8.2.3.3 - One Sample Mean z Test (Optional)

A one sample mean \(z\) test is used when the population is known to be normally distributed and when the population standard deviation (\(\sigma\)) is known. This most frequently occurs in the social sciences when standardized measures are used such as IQ, SAT, ACT, or GRE scores, for which the population parameters are known. 

The formula for computing a \(z\) test statistic for one sample mean is identical to that of computing a \(t\) test statistic for one sample mean, except now the population standard deviation is known and can be used in computing the standard error.

z Test Statistic: One Group Mean
\(z=\dfrac{\overline{x}-\mu_0}{\frac{\sigma}{\sqrt{n}}}\)

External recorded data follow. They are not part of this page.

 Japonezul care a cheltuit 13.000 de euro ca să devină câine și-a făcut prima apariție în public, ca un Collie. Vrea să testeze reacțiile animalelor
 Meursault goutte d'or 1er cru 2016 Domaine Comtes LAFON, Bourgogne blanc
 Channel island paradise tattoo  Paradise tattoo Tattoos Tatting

\(\overline{x}\) = sample mean
\(\mu_{0}\) = hypothesized population mean
\(s\) = sample standard deviation
\(n\) = sample size

The other primary difference between the one sample mean \(t\) test and the one sample mean \(z\) test is the latter uses the standard normal distribution (i.e., \(z\) distribution) in determining the \(p\)-value. Below are the directions for conducting a one sample mean \(z\) test in Minitab Express. 

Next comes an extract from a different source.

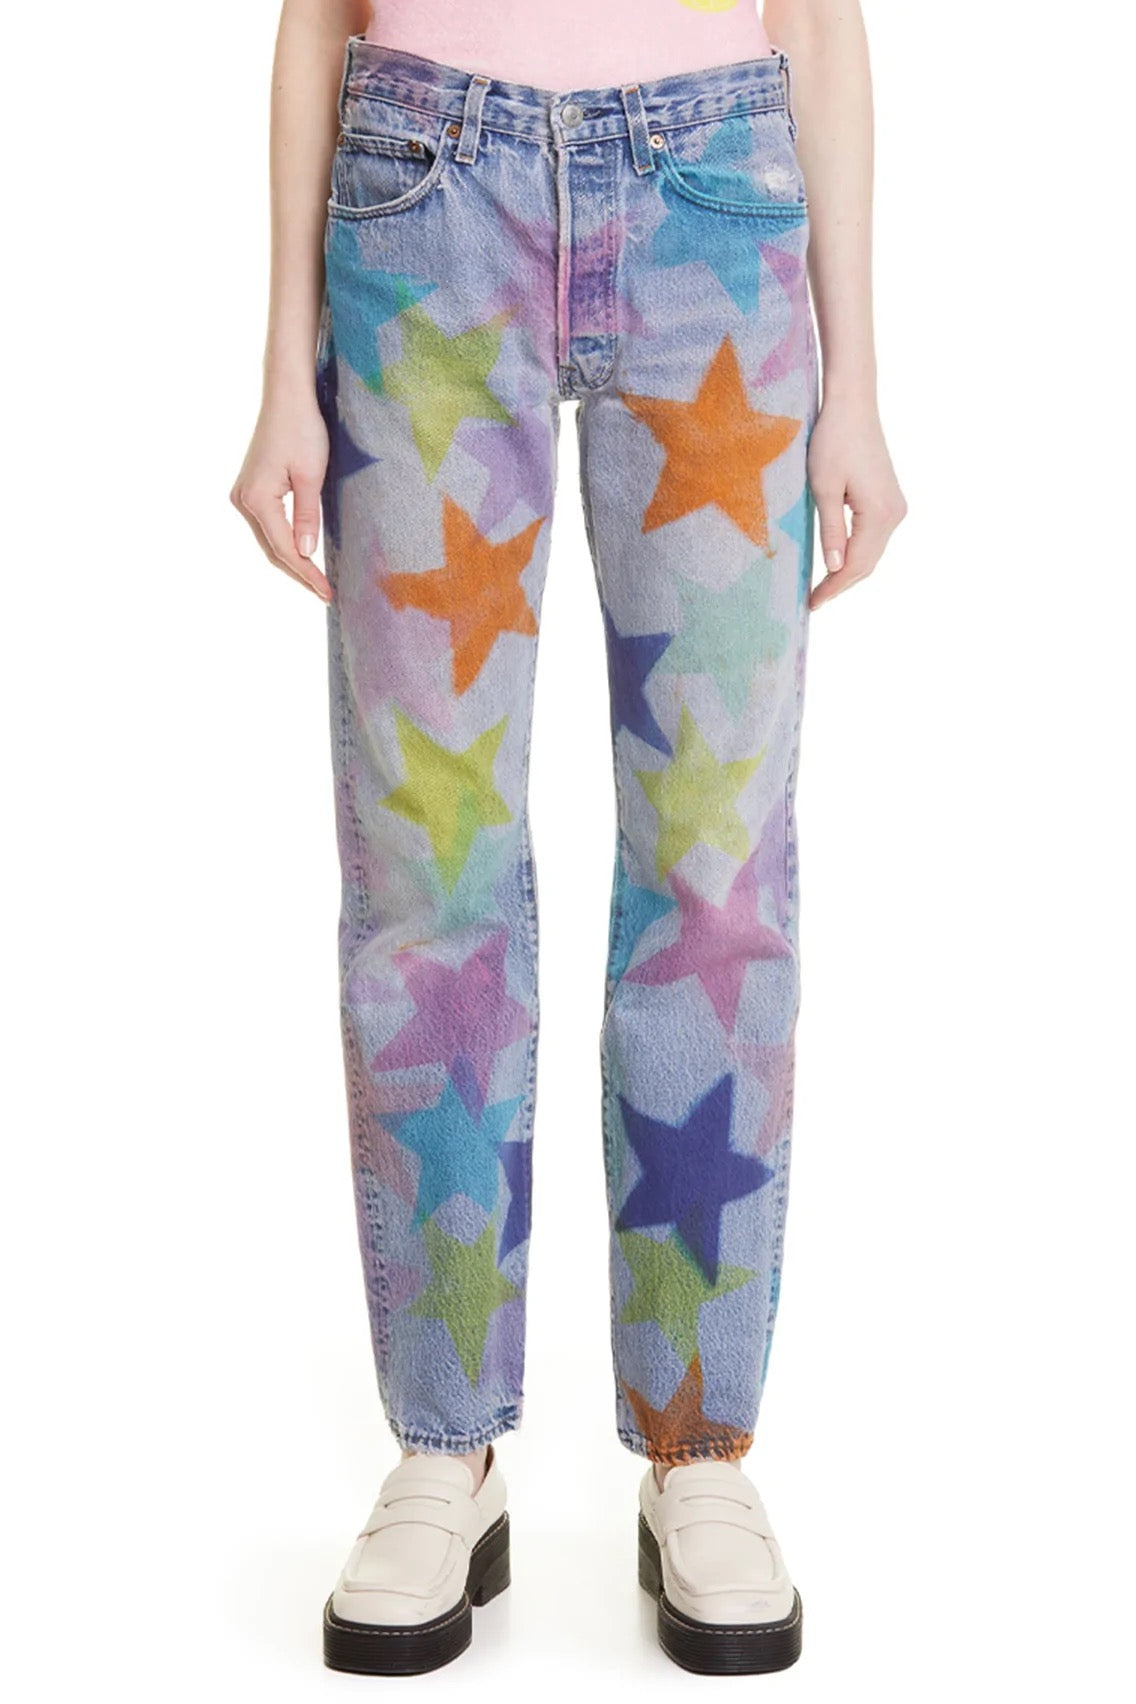 Collina Strada- Levi's 501s Star Jeans: Multi

MinitabExpress  – Performing a One Sample Mean z Test

Research question: Are the IQ scores of students at one college-prep school above the national average?

Scores on one American IQ test are normed to have a mean of 100 and standard deviation of 15.  In a simple random sample of 25 students at this school the mean was 110. 

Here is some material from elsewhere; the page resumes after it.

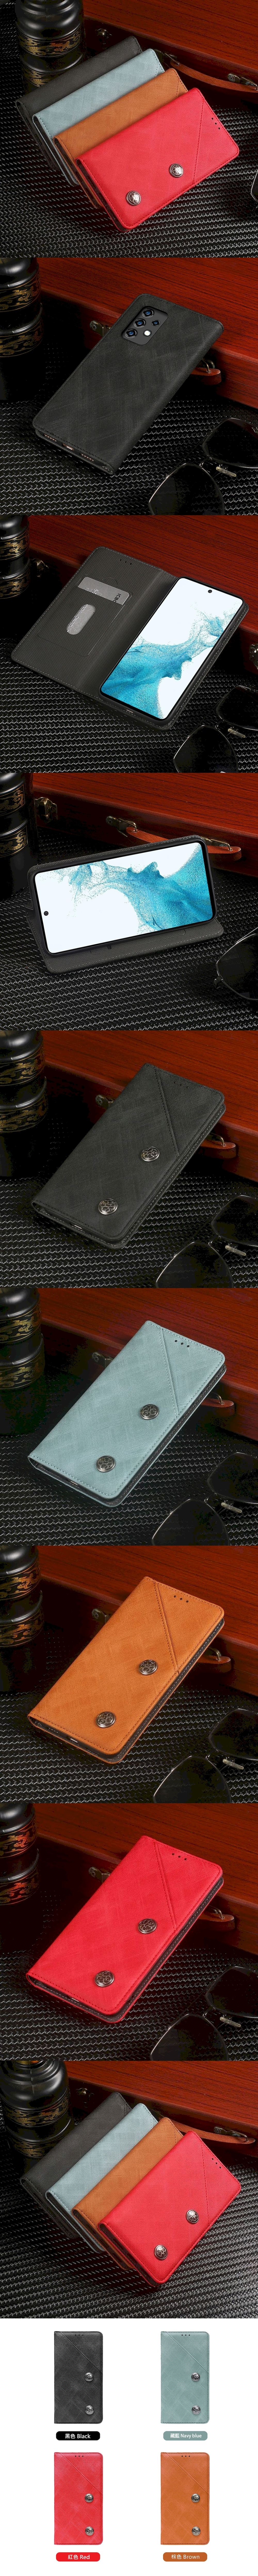 皮革保護套(MASK) - 復古隱藏微磁扣設計翻蓋式皮套

To perform a one sample mean test in Minitab Express using summarized data:

  1. Open Minitab Express without data
  2. On a PC: Select STATISTICS > One Sample > z
    On a Mac: Select Statistics > 1-Sample Inference > z
  3. Change Sample data in column to Summarized data
  4. The Sample size is 25
  5. The Sample mean is 110
  6. The Known standard deviation is 15
  7. Check the box Perform a hypothesis test
  8. For the Hypothesized mean enter 100
  9. Click the Options tab
  10.  Change Alternative hypothesis to Mean > hypothesized value 
  11. Use the default Confidence level of 95
  12. Click OK

This should result in the following output:

1-Sample Z
Descriptive Statistics
N Mean SE Mean 95% Lower Bound for \(\mu\)
25 110.000 3.000 105.065

\(\mu\) : mean of Sample
Known standard deviation = 15

Test
Null hypothesis H0: \(\mu_d\) = 100
Alternative hypothesis H1: \(\mu_d\) > 100
Z-Value P-Value
3.33 0.0004
Video Walkthrough

Select your operating system below to see a step-by-step guide for this example.

We could summarize these results using the five step hypothesis testing procedure:

1. Check assumptions and write hypotheses

The population is known to be normally distributed and the population standard deviation is known to be 15. With these two conditions met we can conduct a one sample mean z test

\(H_0: \mu = 100\)
\(H_a: \mu > 100\)

2. Calculate the test statistic

From the Minitab Express output, \(z = 3.33\)

3. Determine the p-value

From the Minitab Express output, \(p = 0.0004\)

4. Make a decision

\(p \le \alpha\), reject the null hypothesis

5. State a "real world" conclusion

There is evidence that the mean IQ score of all students at this school is greater than 100.